Soft tissue sarcomas represent less than 1% of all malignancies, and leiomyosarcomas constitute 6% of these tumors [3]. Vascular leiomyosarcomas constitute just 2% of all leiomyosarcomas [4]. Leiomyosarcomas originating in IVC are very rare, and are malignant with a slow growth pattern.

The diagnosis is established preoperative in only 10% cases because there are no definitive symptoms [5]. Symptoms and signs can include abdominal pain (66%), abdominal mass (48%), edema in leg (39%), and weight loss (30%). Other nonspecific symptoms are fever, weakness, anorexia, and dyspnea [6].

There is a perioperative mortality of 4%, and 42% of patients die of the disease itself [7]. Thus it is important to diagnose it as early as possible. Computed tomography scan is a useful screening test to diagnose IVC tumors. Fat suppression and gadolinium enhancement increases the quality of MRI images and helps in assessing retroperitoneal tumors [8].

In this case, the patient noticed edema in leg four months before presenting but she did not have any pain. Thus the tumor was in an advanced stage at diagnosis. We were able to preoperatively diagnose the tumor as leiomyosarcoma of the IVC. Enhanced computed tomography scan of the abdomen and magnetic resonance imaging scan of the T2-weighted image were effective for a diagnosis.
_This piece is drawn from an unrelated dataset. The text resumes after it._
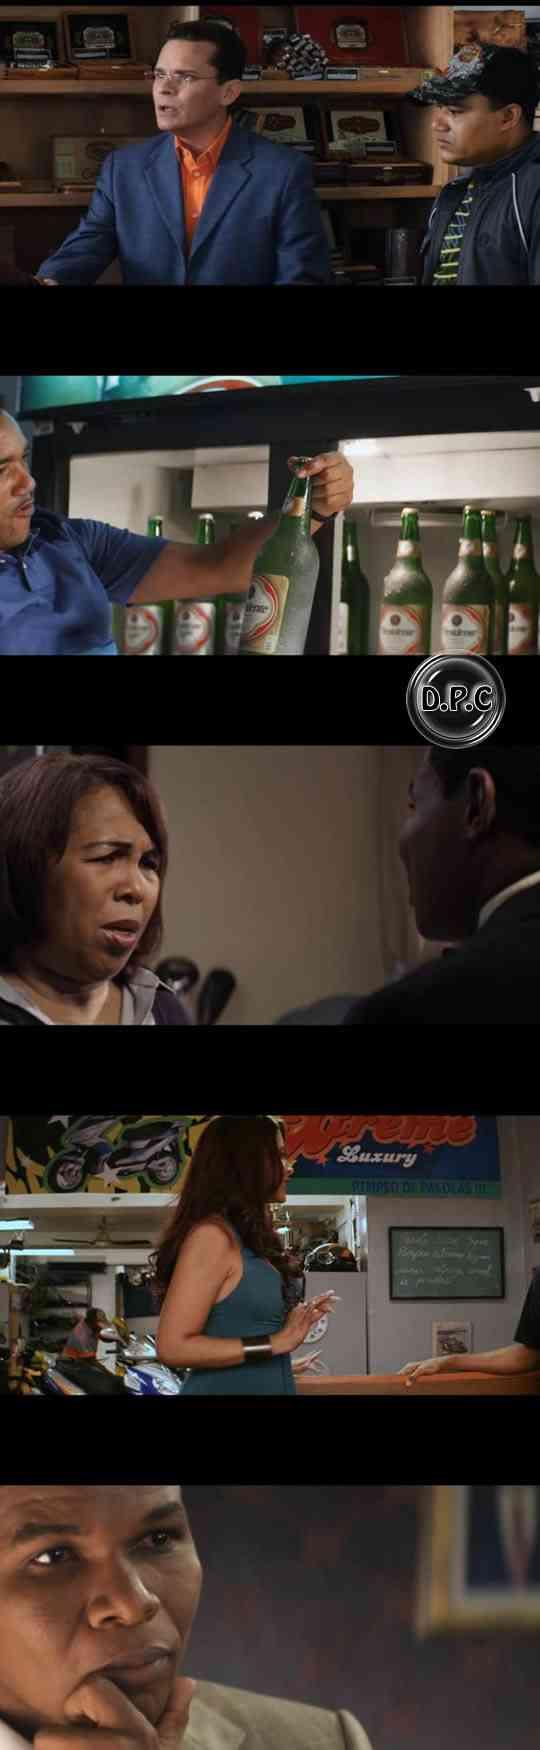 Lotoman.2011.DVDRip
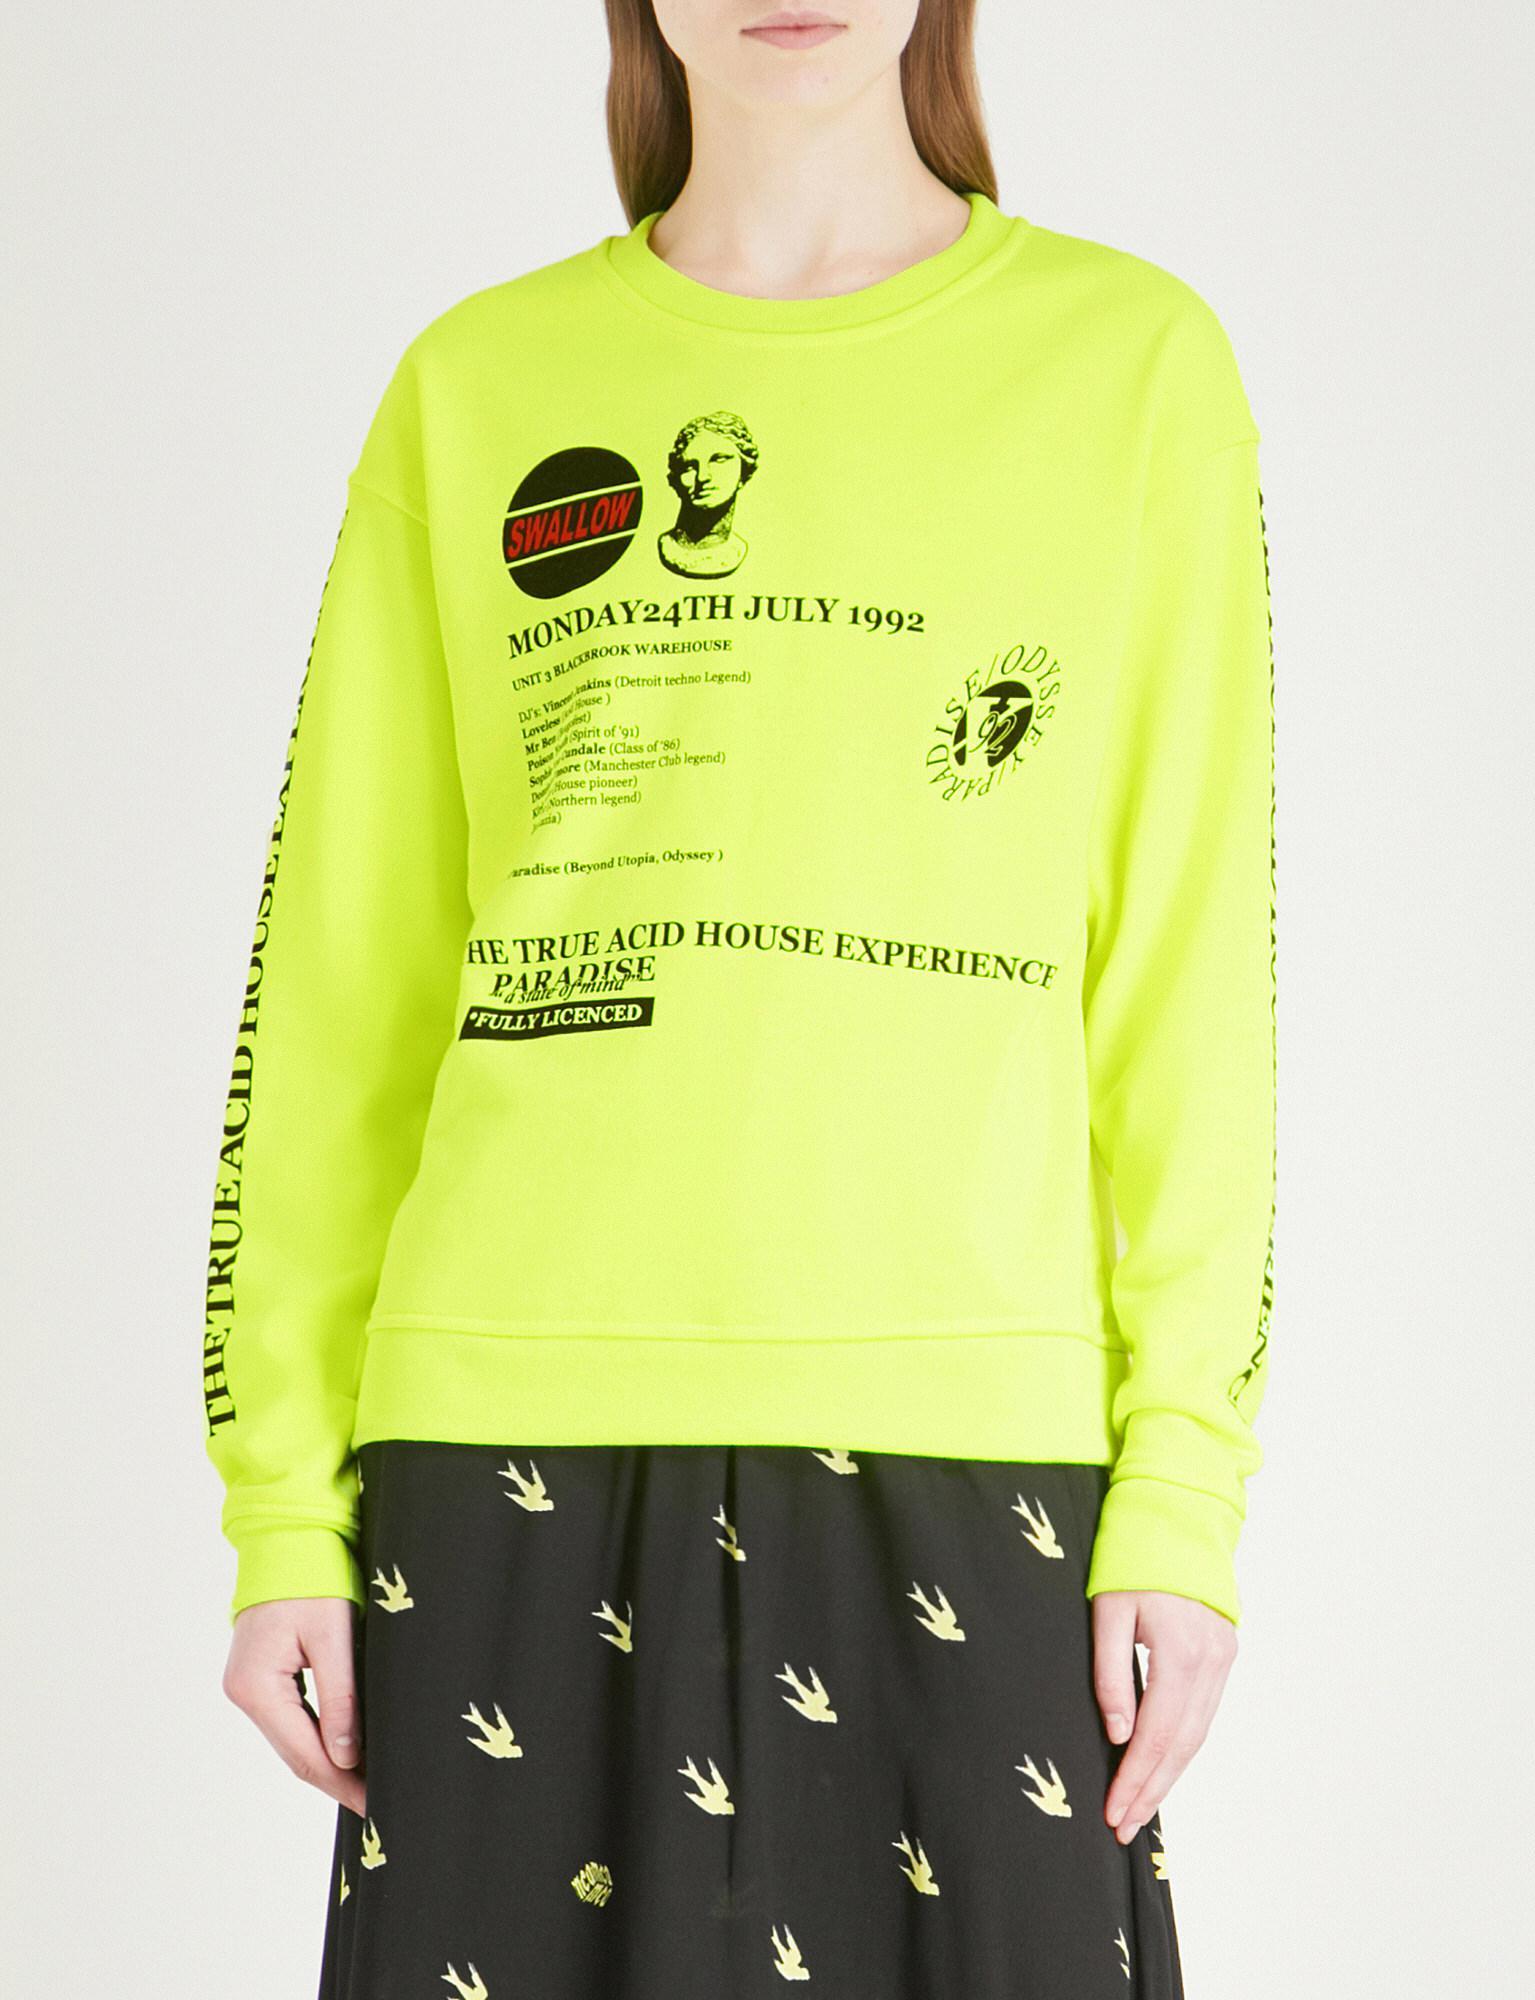 Lyst - McQ Acid House Jersey Sweatshirt in Yellow 5da69ca7d1b

Inferior vena cava leiomyosarcomas are categorized according to the three regions in which they occur. Most IVC leiomyosarcomas (58%) occur in the middle region of the IVC between the hepatic and renal veins. The lower region accounts for 44% of cases and the upper region only 4% [9]. We classified this case as middle region. Patients with this type of IVC leiomyosarcoma often experience abdominal pain (76.8%), while those with the upper type often show edema in leg (78%) and the lower type does not have characteristic symptoms. Radical tumor resection was associated with better five-year and ten-year survival rates (49.4% and 29.5% respectively). Patients with tumors which arose from the middle segment fared better (56.7% and 47.3%) than those with lower segment tumors (37.8% and 14.2%). Resectability of the tumor is the prime factor affecting prognosis [10] .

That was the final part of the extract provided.